**Your task**
The records should be restated exactly from their first line through the line with "adidas training runtastic" in it.

**Collected data**
▼▼▼

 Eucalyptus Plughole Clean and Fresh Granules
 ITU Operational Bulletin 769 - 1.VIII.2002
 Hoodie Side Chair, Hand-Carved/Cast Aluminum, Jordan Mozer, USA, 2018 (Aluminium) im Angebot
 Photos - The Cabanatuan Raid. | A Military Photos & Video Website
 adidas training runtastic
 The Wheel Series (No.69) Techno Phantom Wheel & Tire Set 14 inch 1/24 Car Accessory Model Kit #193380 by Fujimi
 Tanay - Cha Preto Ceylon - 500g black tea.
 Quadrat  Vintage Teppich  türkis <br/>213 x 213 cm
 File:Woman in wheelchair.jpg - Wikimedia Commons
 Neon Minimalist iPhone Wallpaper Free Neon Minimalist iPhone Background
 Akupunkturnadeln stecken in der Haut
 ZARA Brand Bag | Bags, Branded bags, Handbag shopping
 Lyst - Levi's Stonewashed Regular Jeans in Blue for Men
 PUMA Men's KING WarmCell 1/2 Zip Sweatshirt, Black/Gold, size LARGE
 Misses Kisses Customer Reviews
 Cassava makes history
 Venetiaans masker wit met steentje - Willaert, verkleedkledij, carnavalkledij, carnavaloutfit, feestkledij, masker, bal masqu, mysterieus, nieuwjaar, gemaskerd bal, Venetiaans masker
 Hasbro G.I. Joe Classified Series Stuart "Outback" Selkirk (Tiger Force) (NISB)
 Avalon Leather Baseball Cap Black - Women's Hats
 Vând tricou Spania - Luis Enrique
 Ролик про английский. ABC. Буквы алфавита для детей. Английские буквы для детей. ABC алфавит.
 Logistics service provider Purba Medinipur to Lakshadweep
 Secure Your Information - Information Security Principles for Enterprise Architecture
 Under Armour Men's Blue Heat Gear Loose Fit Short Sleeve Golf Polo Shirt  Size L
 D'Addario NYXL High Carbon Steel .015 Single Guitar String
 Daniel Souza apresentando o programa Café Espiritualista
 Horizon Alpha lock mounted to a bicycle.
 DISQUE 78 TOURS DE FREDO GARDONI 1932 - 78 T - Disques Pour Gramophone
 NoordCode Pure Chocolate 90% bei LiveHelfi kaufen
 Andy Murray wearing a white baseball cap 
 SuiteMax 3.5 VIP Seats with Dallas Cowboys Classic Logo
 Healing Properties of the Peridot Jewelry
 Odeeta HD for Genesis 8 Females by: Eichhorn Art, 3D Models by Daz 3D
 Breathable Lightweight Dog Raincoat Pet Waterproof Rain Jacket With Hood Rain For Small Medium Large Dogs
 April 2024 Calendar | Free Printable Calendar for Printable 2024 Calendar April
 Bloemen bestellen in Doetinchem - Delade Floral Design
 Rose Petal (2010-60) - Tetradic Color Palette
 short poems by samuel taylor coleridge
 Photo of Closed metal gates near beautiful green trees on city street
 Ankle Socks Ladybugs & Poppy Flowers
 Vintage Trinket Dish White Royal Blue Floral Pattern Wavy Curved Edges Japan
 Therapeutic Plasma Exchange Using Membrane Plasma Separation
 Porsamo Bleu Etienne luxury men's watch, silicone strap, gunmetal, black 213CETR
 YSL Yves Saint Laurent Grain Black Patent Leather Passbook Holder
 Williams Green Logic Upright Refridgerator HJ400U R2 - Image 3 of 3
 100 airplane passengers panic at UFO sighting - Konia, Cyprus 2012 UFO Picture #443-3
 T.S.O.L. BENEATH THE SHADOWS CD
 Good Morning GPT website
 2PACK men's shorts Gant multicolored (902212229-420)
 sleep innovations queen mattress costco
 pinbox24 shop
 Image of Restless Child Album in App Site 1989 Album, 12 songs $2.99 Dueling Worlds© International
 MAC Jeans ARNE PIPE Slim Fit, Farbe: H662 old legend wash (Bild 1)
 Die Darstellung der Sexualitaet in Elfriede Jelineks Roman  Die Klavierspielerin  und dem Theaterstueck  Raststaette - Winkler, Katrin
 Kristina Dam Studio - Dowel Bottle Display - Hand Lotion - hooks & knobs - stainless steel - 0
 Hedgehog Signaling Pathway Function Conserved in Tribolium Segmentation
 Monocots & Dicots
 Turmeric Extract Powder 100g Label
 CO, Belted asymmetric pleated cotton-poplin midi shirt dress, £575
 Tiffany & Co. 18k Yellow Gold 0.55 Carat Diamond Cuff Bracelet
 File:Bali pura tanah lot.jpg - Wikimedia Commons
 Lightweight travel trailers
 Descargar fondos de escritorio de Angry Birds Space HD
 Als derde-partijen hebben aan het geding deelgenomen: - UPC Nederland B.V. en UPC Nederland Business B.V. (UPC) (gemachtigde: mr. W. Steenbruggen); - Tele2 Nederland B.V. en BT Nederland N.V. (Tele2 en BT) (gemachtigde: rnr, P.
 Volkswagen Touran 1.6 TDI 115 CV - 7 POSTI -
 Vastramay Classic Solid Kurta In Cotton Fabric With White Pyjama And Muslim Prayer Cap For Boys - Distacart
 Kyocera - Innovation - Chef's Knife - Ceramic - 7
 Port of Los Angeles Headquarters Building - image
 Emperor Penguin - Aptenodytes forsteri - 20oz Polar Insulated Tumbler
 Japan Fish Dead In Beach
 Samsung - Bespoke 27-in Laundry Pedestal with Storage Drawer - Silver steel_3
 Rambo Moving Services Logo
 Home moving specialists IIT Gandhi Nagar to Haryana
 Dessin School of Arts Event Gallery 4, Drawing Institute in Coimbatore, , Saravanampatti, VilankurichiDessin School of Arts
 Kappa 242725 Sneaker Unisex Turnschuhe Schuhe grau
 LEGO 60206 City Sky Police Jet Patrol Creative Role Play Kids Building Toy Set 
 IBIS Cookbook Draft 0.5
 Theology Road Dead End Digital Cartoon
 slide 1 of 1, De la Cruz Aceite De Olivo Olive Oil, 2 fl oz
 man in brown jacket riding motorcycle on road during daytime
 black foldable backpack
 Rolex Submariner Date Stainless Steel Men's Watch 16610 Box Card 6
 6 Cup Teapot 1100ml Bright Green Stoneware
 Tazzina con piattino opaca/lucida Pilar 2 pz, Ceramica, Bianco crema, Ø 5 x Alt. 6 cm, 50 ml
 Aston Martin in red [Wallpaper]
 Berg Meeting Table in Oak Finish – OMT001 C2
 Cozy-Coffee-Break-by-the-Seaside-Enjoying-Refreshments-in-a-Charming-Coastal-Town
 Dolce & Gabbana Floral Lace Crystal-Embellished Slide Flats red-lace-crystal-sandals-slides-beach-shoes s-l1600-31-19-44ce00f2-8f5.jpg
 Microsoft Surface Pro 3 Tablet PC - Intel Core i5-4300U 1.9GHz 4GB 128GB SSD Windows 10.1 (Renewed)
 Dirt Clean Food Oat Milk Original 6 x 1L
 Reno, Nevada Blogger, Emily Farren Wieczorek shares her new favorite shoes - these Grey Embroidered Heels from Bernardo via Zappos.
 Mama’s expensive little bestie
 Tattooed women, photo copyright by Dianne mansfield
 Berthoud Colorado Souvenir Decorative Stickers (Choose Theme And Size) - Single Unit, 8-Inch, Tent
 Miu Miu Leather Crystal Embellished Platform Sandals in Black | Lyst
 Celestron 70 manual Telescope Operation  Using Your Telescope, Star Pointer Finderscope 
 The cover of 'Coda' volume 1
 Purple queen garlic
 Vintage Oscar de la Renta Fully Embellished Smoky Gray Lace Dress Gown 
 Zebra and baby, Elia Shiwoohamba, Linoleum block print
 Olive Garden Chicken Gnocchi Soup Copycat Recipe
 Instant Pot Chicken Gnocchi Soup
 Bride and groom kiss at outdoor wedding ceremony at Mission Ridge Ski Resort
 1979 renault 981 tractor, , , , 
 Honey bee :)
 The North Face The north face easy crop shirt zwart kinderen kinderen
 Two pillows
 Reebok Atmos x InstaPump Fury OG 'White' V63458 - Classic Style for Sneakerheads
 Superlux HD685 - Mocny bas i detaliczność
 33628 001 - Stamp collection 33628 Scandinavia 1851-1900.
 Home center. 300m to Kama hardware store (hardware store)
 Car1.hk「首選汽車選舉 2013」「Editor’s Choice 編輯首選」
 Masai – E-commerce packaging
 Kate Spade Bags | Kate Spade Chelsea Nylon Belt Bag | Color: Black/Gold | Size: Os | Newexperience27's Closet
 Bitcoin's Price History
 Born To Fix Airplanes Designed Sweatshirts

▲▲▲

**Reply to the exercise**
 Eucalyptus Plughole Clean and Fresh Granules
 ITU Operational Bulletin 769 - 1.VIII.2002
 Hoodie Side Chair, Hand-Carved/Cast Aluminum, Jordan Mozer, USA, 2018 (Aluminium) im Angebot
 Photos - The Cabanatuan Raid. | A Military Photos & Video Website
 adidas training runtastic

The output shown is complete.